ARPA-E is funding a plethora of battery projects. Here's an inside look.

Flickr (Steve Jurvetson)

At the end of February, the Advanced Research Projects Agency-Energy — ARPA-E — held its seventh annual Energy Innovation Summit in Washington, D.C., bringing together more than 2,300 people to hear clean energy luminaries, including former Vice President Al Gore, offer their thoughts on the future of energy. But the real news took place before the summit, when more than $1.25 billion was granted to private companies, some of which are working the batteries of tomorrow.

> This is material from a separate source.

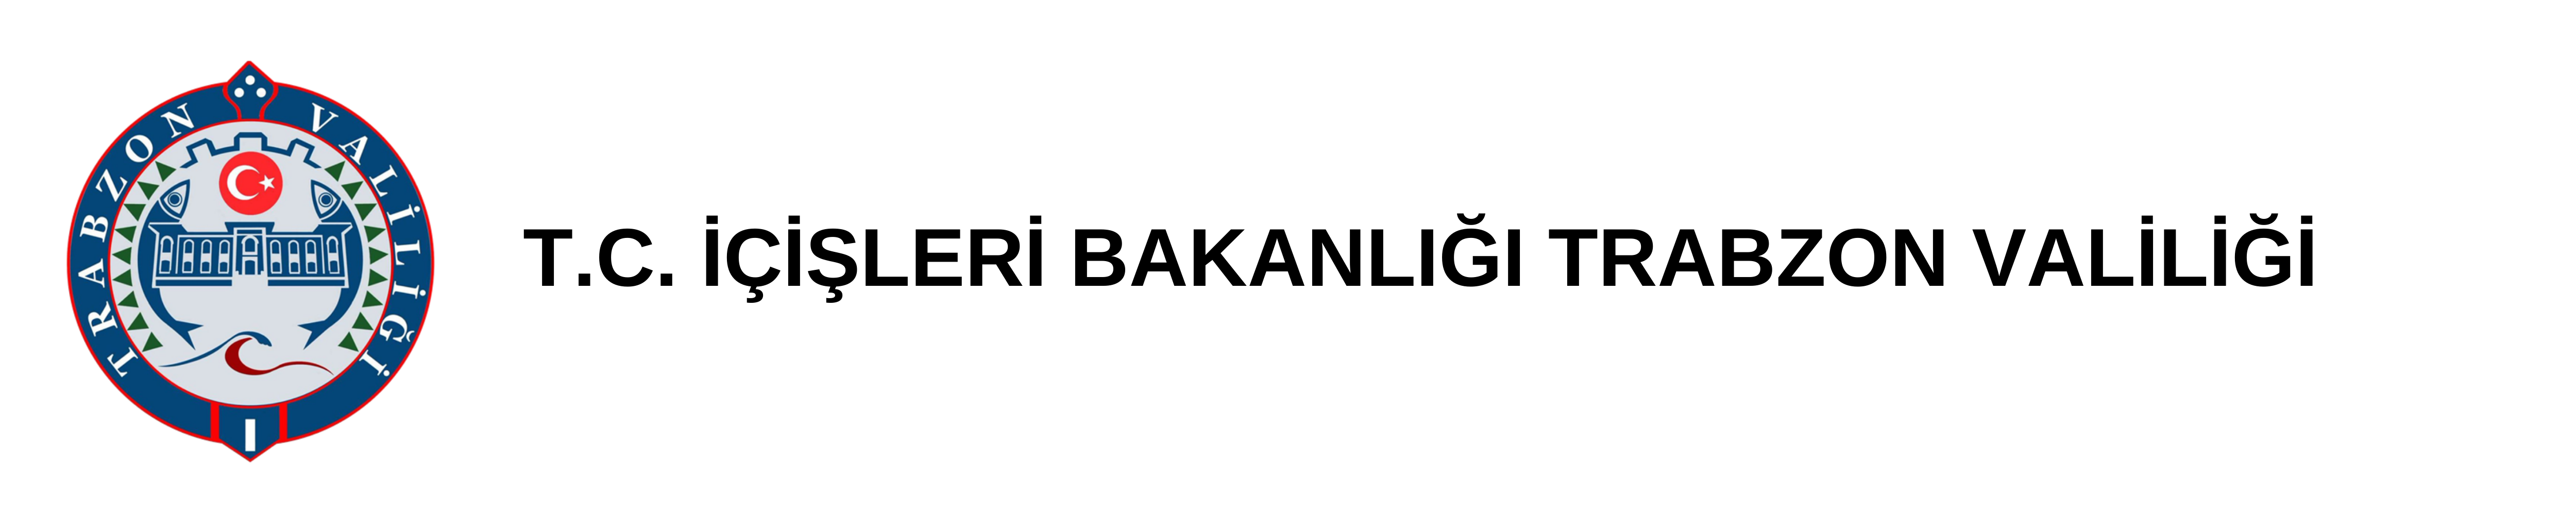 Trabzon Valiliği

One of those projects is Solid Power, a battery company that emerged from the University of Colorado and operates in the “beyond lithium ion” space. Using “bulk solid state” batteries, its CEO, Doug Campbell, tells Inverse that he’s a “firm believer in solid state batteries as a technology of the future” before adding, “although it’s not going to happen overnight.”

“When you think about it, the battery is everything for an electric vehicle,” he says.

And right now, he doesn’t have a lot of competition, as there aren’t a lot of developers of “bulk, high-energy, solid-state batteries.” But that’s going to change soon because of those electric cars.

ARPA-E is modeled after DARPA (the Defense Advanced Research Projects Agency, which oversees new technology that could be used by the military), but has only been around for a few years. Back in 2007, then-President George W. Bush passed and signed into law the America COMPETES Act, which, among other things, created ARPA-E, and two years later, President Barack Obama handed $400 million to the agency for its first round of funding. The organization funds innovative energy projects, then follow-on funders — be they commercial entities or private investors — hop on the bandwagon with money of their own.

One major class for these projects is battery development. Scores of projects claim that their breakthroughs will drastically improve something about batteries, whether it be range, or durability, or shape (some batteries are built into the car’s frame for structural soundness and lighter loads.)

ARPA-E gave Campbell’s Solid Power $3.5 million, which, he explains, is being used to “mature the technology.” So, with Solid Power, ARPA-E’s funding helped spur that maturation process by taking a unique, breakthrough technology demonstration and “reducing it to practice — in the form of a battery.” And, on top of that cool $3.5 million, Solid Power has already received “funding from commercial entities” in the automotive sector and is “in the early planning stages for a private investment round.”

Campbell, as an insider in the electric vehicle domain, speculated on how far away we were from an electric vehicle majority. He brings up this recent Bloomberg article that reports, “It’s looking like the 2020s will be the decade of the electric car.”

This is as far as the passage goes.